An MIP is a certificate showing how much you can borrow on your mortgage.

You can take it to property viewings, and use it to show sellers that:

  • you’ve done your homework
  • you’re serious about buying
  • and you can afford to buy

It’s also a good way to reassure yourself, too. Your MIP will give you a sense of whether you can afford to borrow the amount you were hoping for. It’s a rough estimate, and not necessarily a guarantee, but it’s a good first step.

An MIP is different from an agreement in principle (AIP) – here’s more about that.

What’s the difference between a mortgage in principle (MIP) and an agreement in principle (AIP)?

Lenders and brokers sometimes say “mortgage in principle” and “agreement in principle” like they’re the same thing. Spoiler alert: they’re not.

Both an MIP and AIP are certificates showing what you can borrow. But they happen at different stages and help you in different ways.

Mortgage in principle (MIP)

You usually get an MIP before you’ve found a property, to help you in your search. You can get an MIP from a broker, lender, or even an estate agent’s own broker.

An MIP is the most basic check of what you can realistically borrow. To get one, you need just a few details about your income and deposit. There’s no credit check, and you don’t need to submit any documents to anyone.

An MIP shows sellers that you’re likely to be approved for a mortgage, so it could help you stand out from other buyers when you’re making an offer.

Agreement in principle (AIP)

Usually, you only get an AIP once you’ve found a property you want to buy. You’ll get your AIP from a lender, though a broker can get this on your behalf.

An AIP is a statement from a lender saying they’re happy to lend you a specified amount of money to buy a specific property. You can think of it like the first part of your proper mortgage application.

Read about:   Home Equity Line of Credit

To get an AIP, you need to answer more questions, send your lender documents, and do a credit check. But the result is a more accurate estimate of what you can borrow, and more certainty that you’ll be approved for a mortgage.

MIP and AIP compared
Mortgage in principle Agreement in principle
When you get it Before you find a property Once you’ve found a property
Where you get it from Lender, broker, online calculator Lender (though a broker can get one for you)
Info you need to give A few details about your income and deposit More details needed about your finances, job, spending
Credit check needed? No Yes – a soft credit check
Documents needed? No Yes
Accurate estimate of what you can borrow? Basic check Accurate estimate
What’s the step after this? An AIP or full mortgage application Full mortgage application

They’re not a promise

Neither an MIP or AIP are a contract. Neither one guarantees you’ll get a mortgage. You’ll still need to go through the full mortgage application process – a far more detailed check of your finances – and you might still be rejected. Not the most cheery thing, we know, but it’s good to be prepared.

They’re not compulsory

You don’t have to get an MIP or AIP. If you find a property you like, you could in theory go straight to a full mortgage application.
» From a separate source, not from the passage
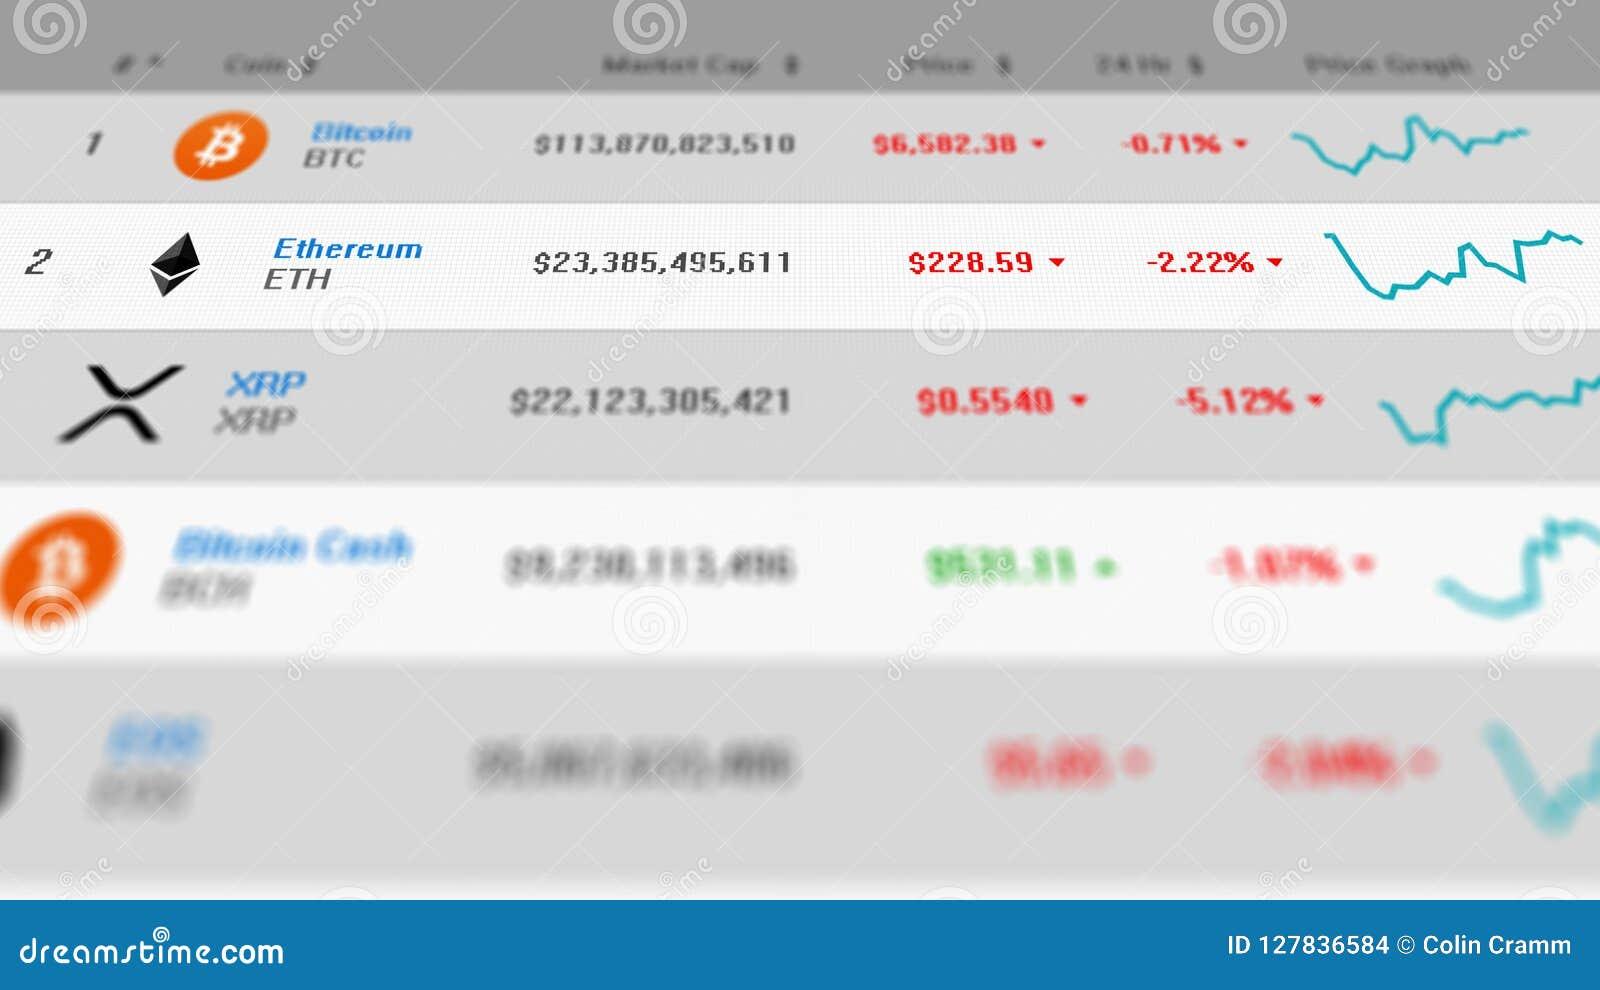 list of top cryptocurrencies exchange

The only thing is, you’d need to be extremely confident about what you can afford, because your mortgage application will include a hard credit check.
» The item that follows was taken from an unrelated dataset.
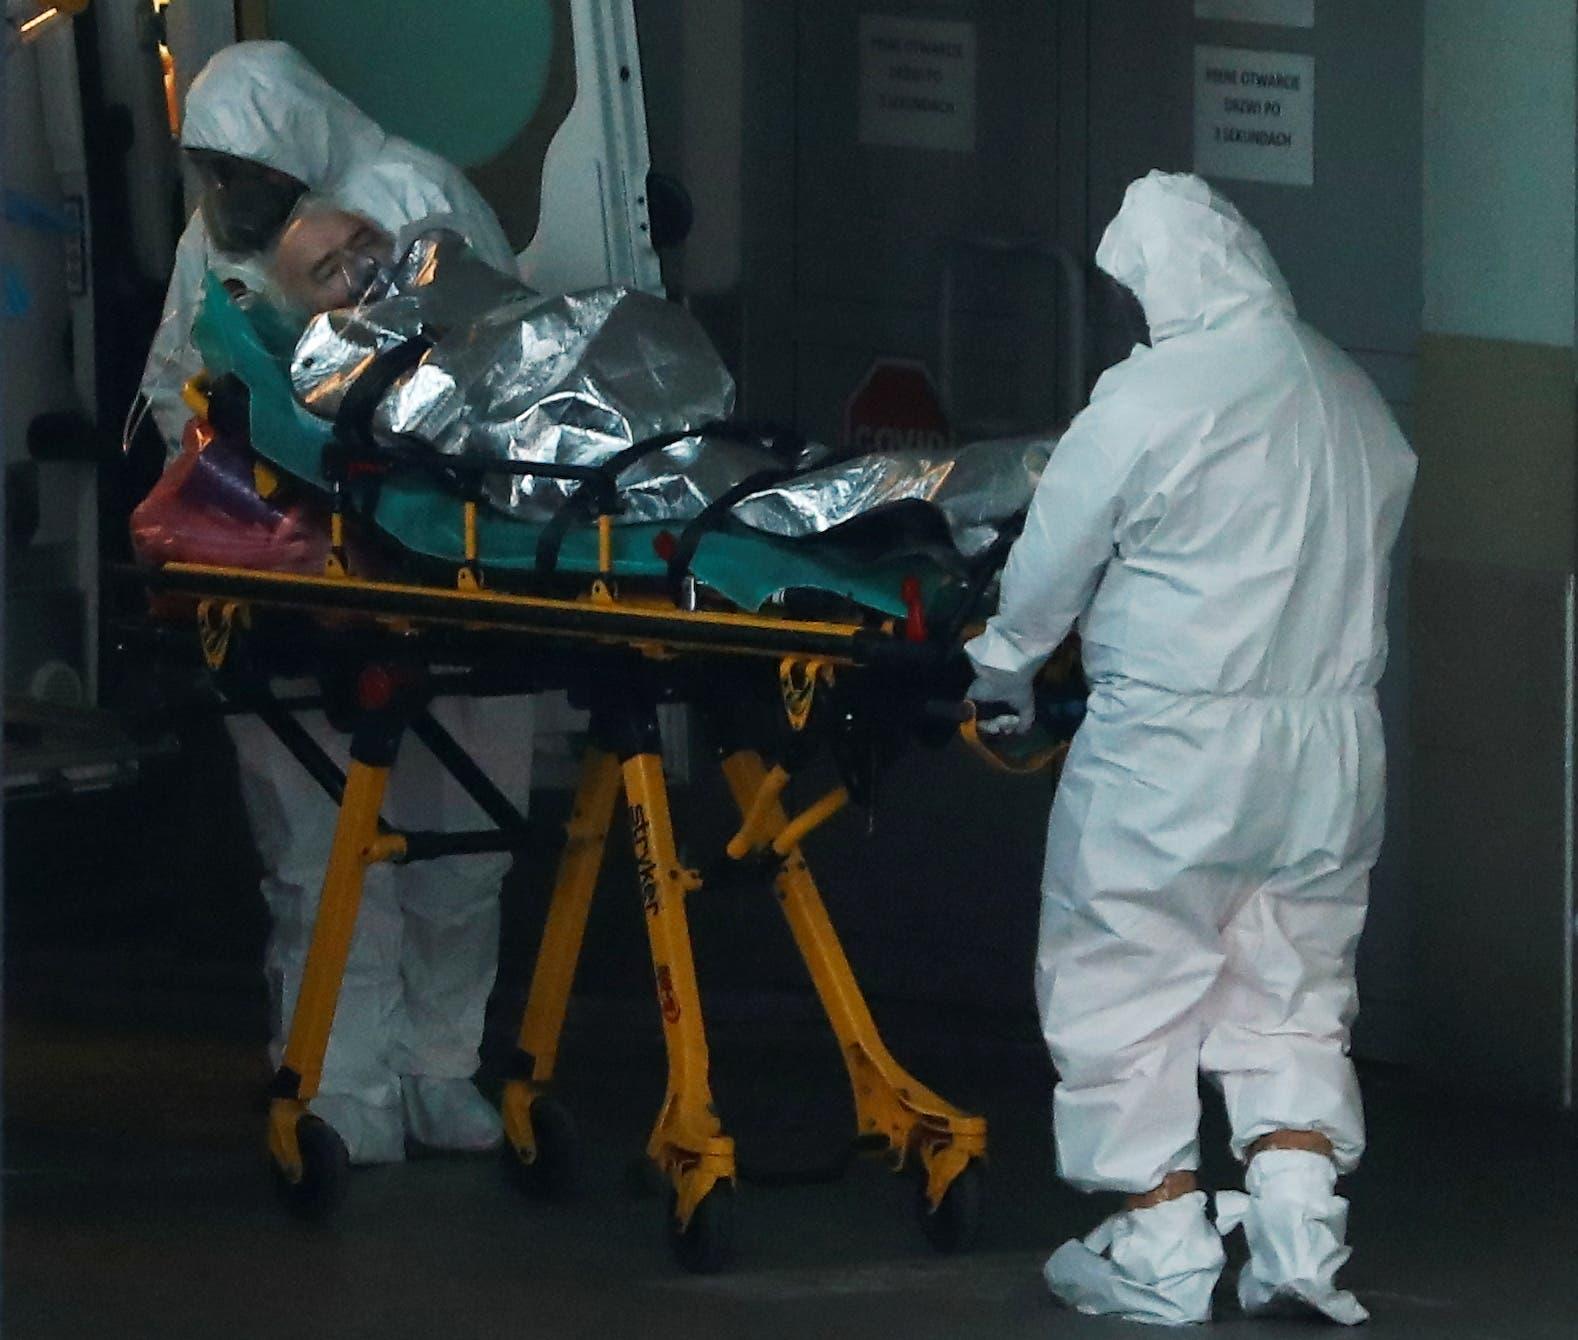 نقل مصاب بكورونا للمستشفى في وارسو

What an MIP or AIP do is give you a little more certainty before you dive into a full mortgage application. Any glaring problems with your finances, they’ll show up early.

Do I need a credit check to get an MIP?

Nope. There’s no credit check needed for a mortgage in principle.

Later on, when it’s time to actually apply for a mortgage, you might have to do a credit check. But you’ll need to give your express consent before that can happen, so it will never be a surprise.

Credit checks: the difference between an MIP and an AIP

Mortgage in principle – no credit check

You’ll have to give a few details about your income, savings, and deposit amount. Then your lender or broker will automatically calculate an estimate of the mortgage you could get. They might ask you about your credit commitments, but they don’t investigate your personal credit history at MIP stage.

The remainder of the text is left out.